### DATA EXTRACT
■ ■ ■ ■

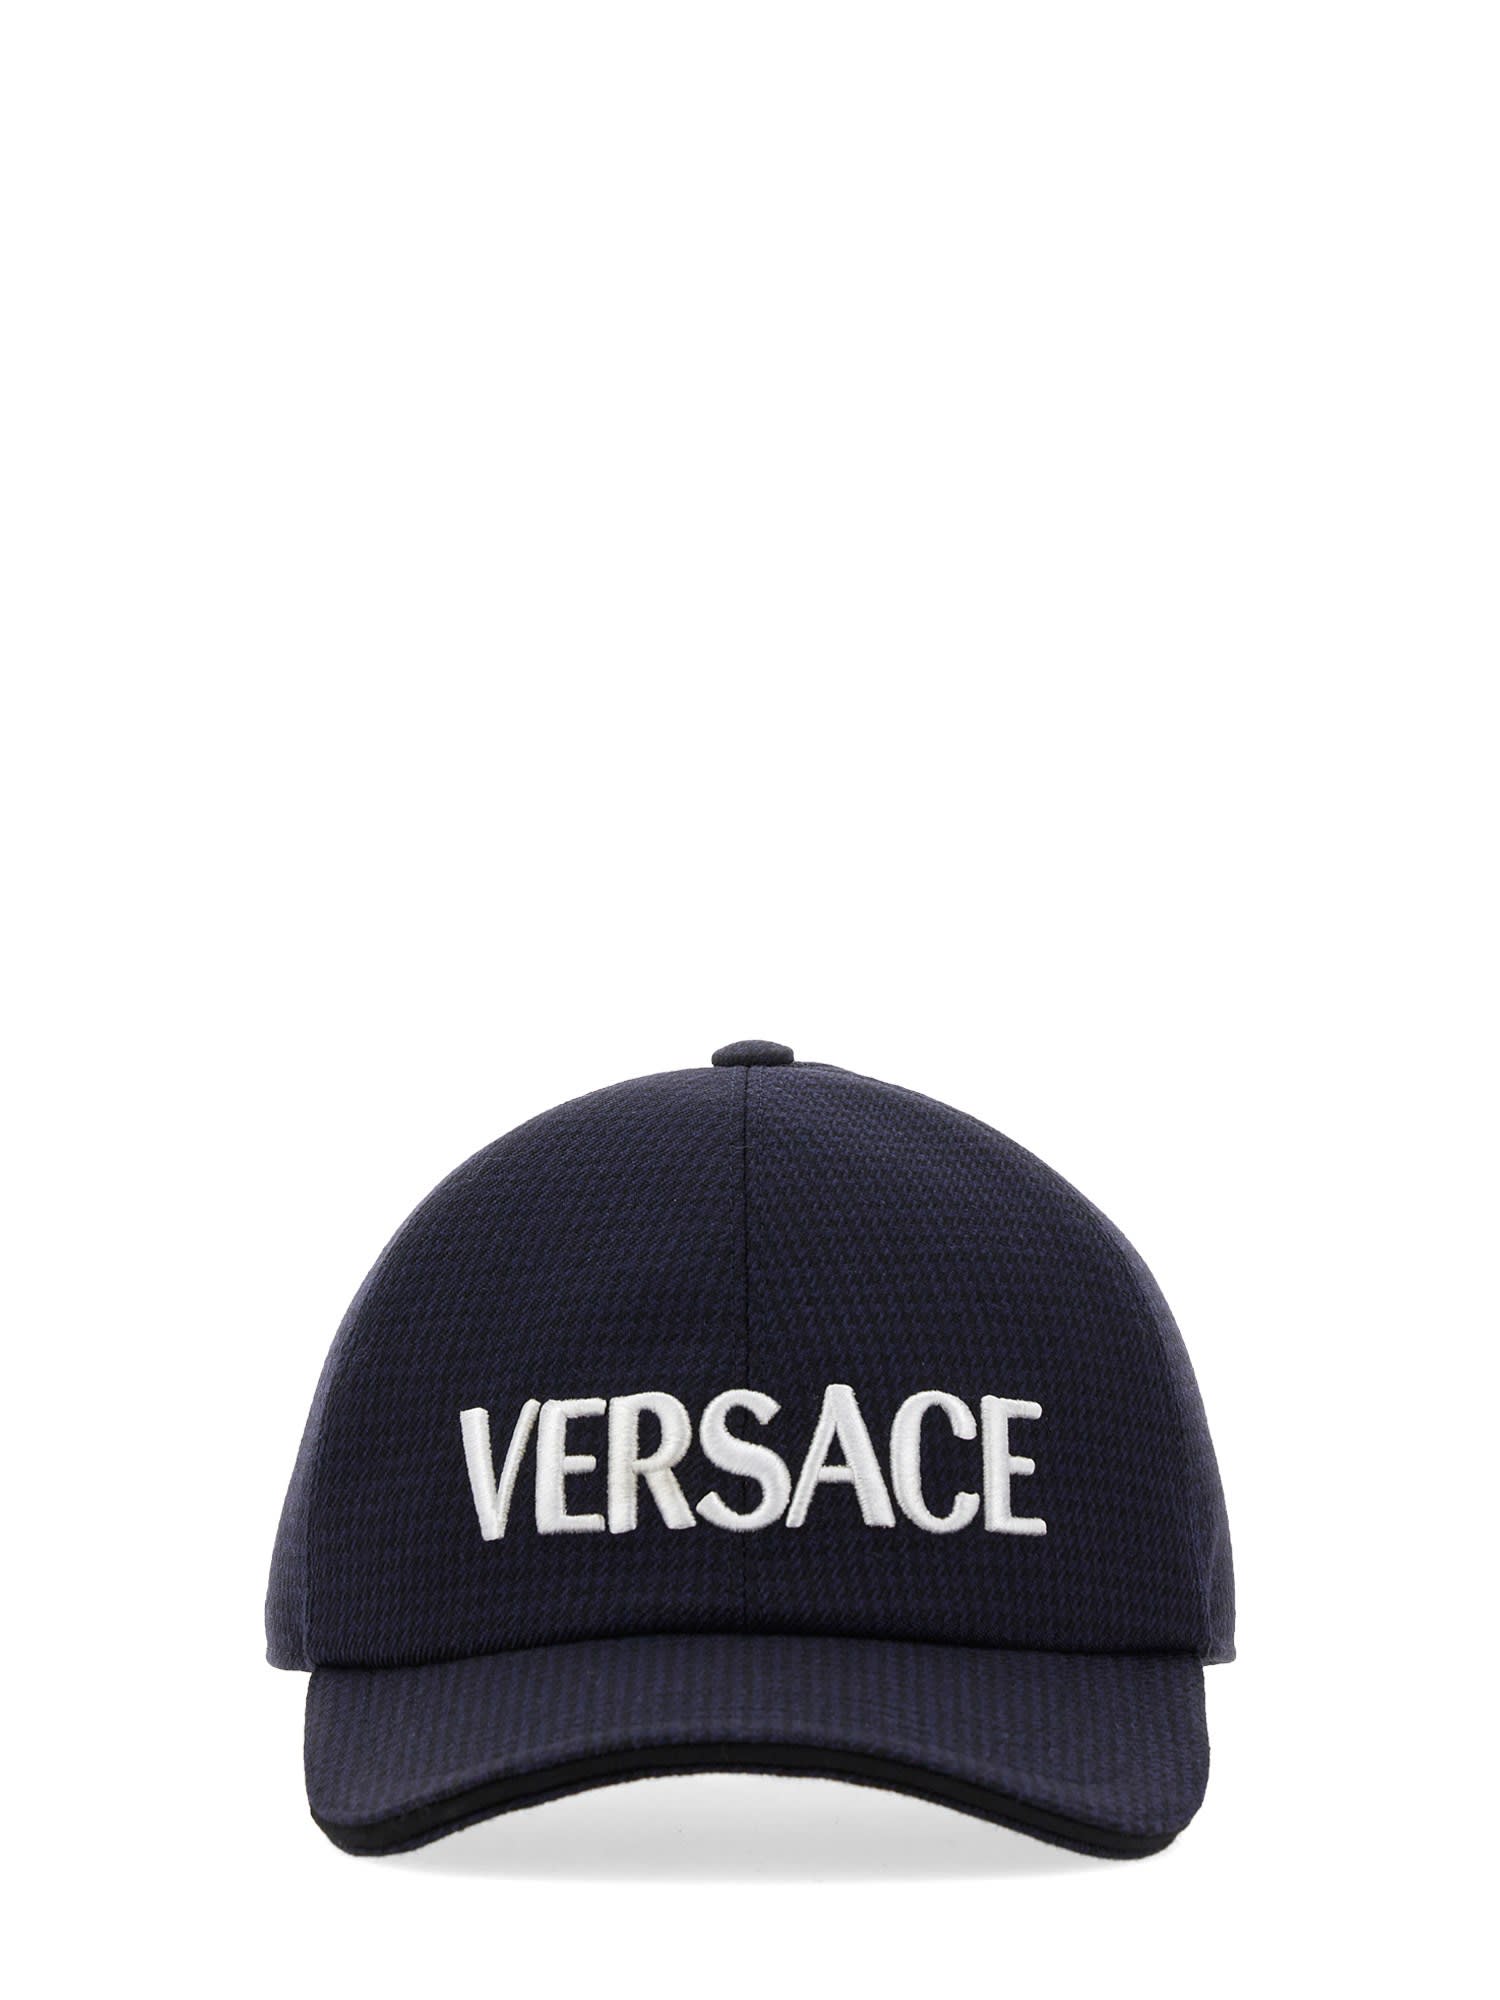 VERSACE BASEBALL CAP
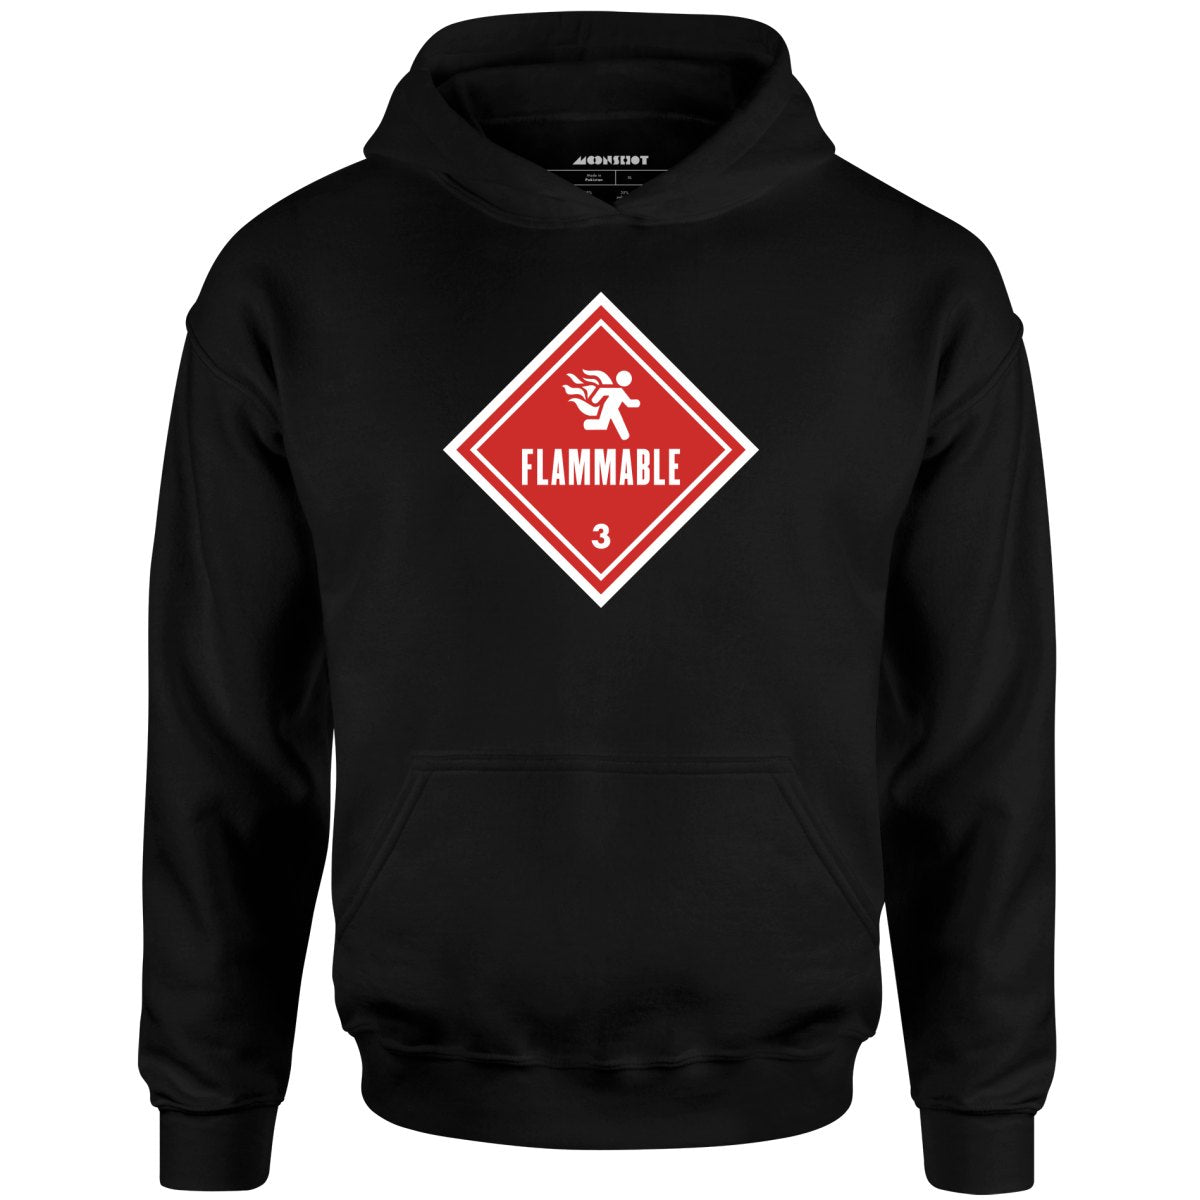 Flammable Human Warning - Unisex Hoodie
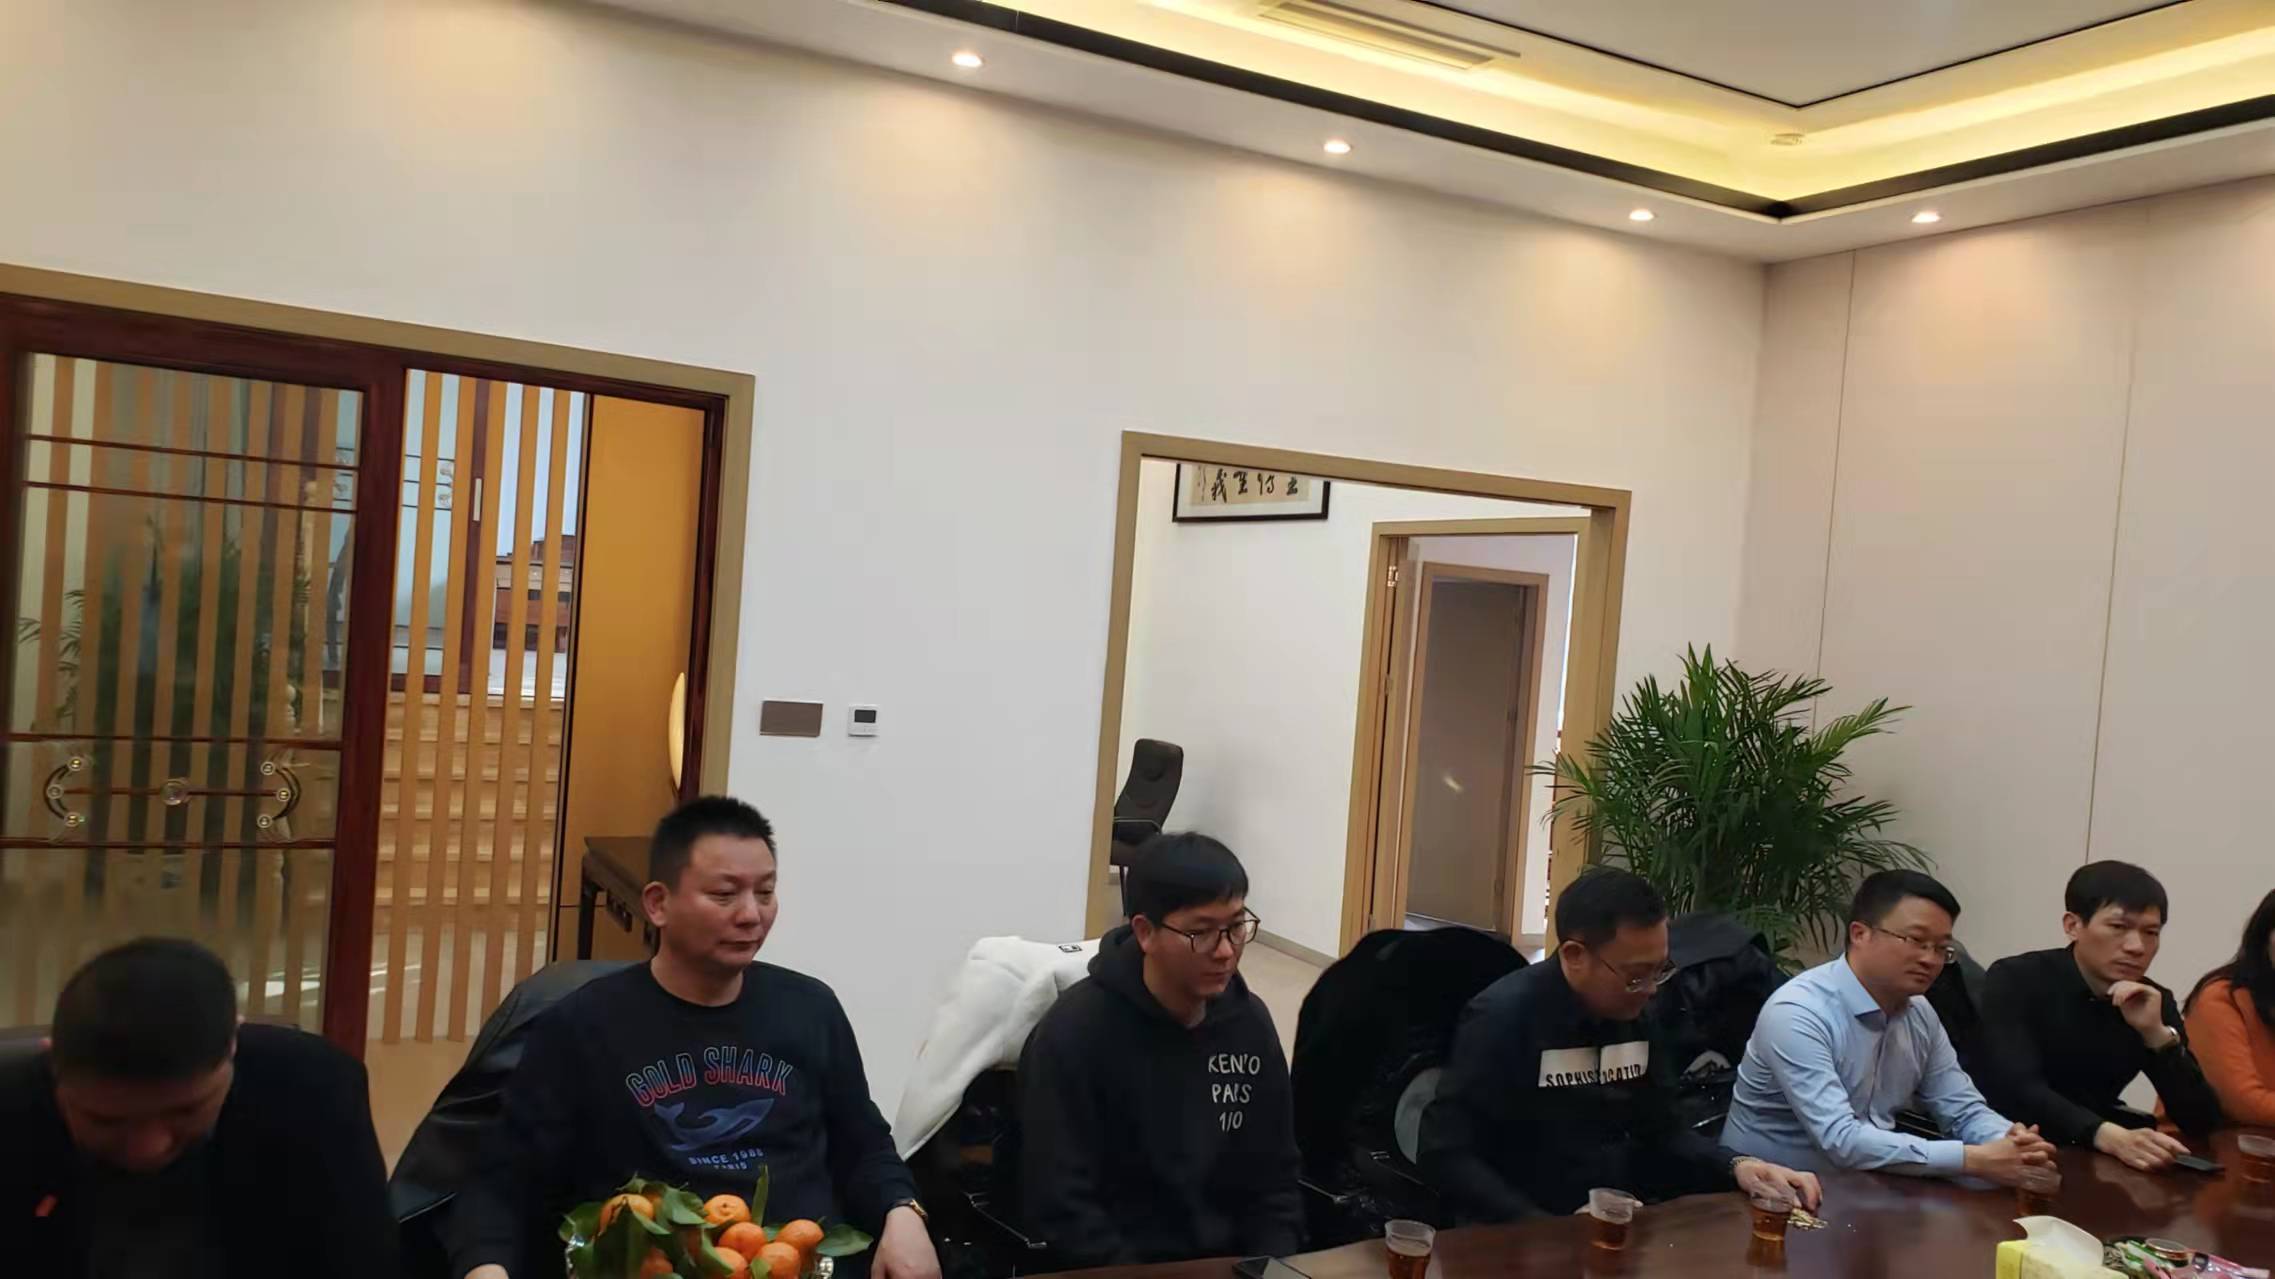 上海庐江商会召开春节后第一次工作会议
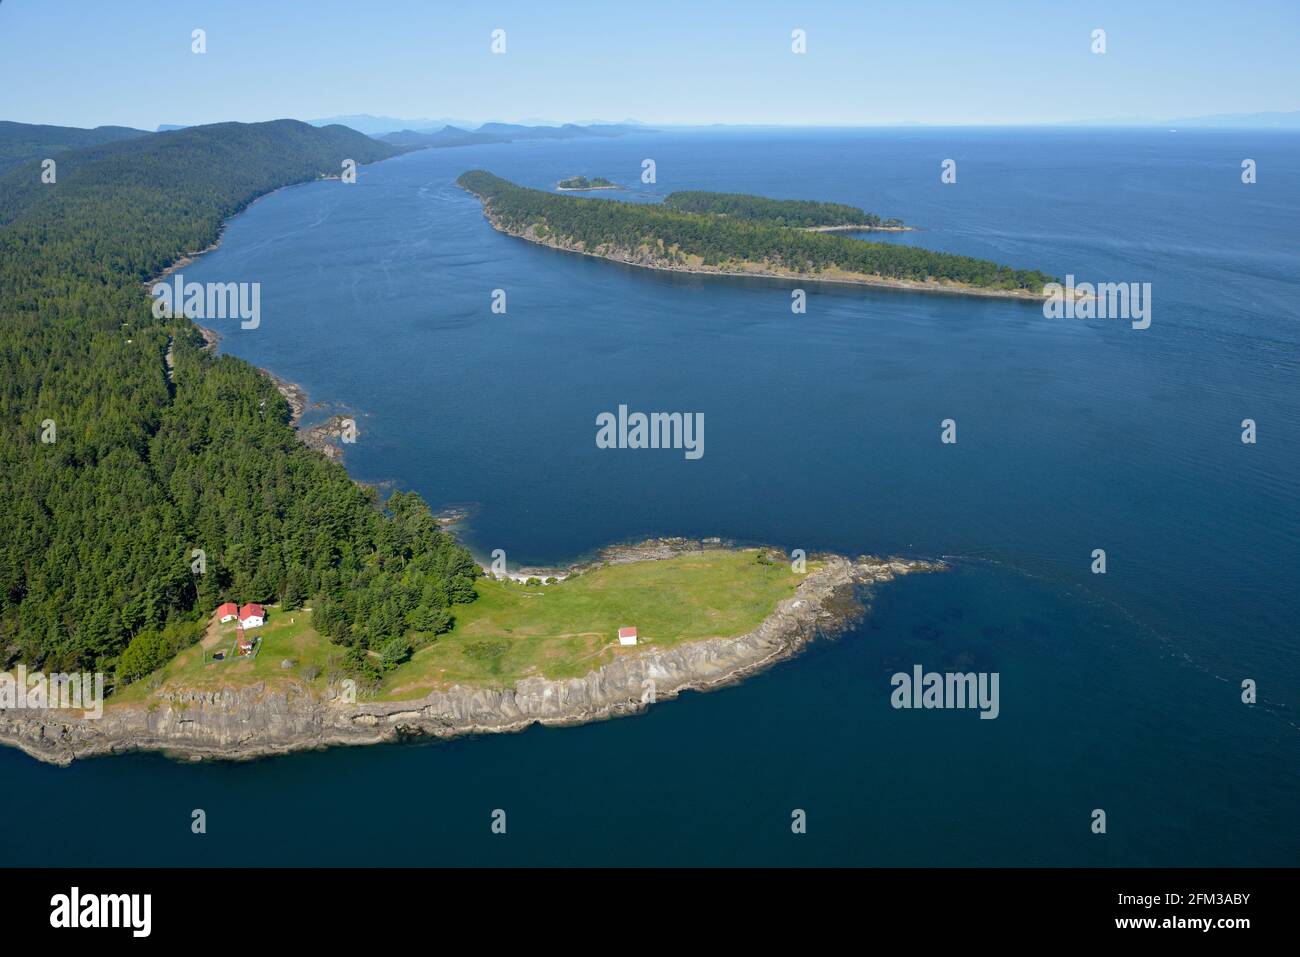 East point sur l'île Saturna avec l'île Cabbage et l'île Tumbo en arrière-plan, la réserve de parc national du Canada des îles Gulf, l'île Saturna. BRI Banque D'Images

■ ■ ■ ■

### ACTIVITY
Go back to the line that contains "上海庐江商会召开春节后第一次工作会议" and copy it, along with each line after it through the end of the listing above, exactly and without pictures.

### RESPONSE
 上海庐江商会召开春节后第一次工作会议
 East point sur l'île Saturna avec l'île Cabbage et l'île Tumbo en arrière-plan, la réserve de parc national du Canada des îles Gulf, l'île Saturna. BRI Banque D'Images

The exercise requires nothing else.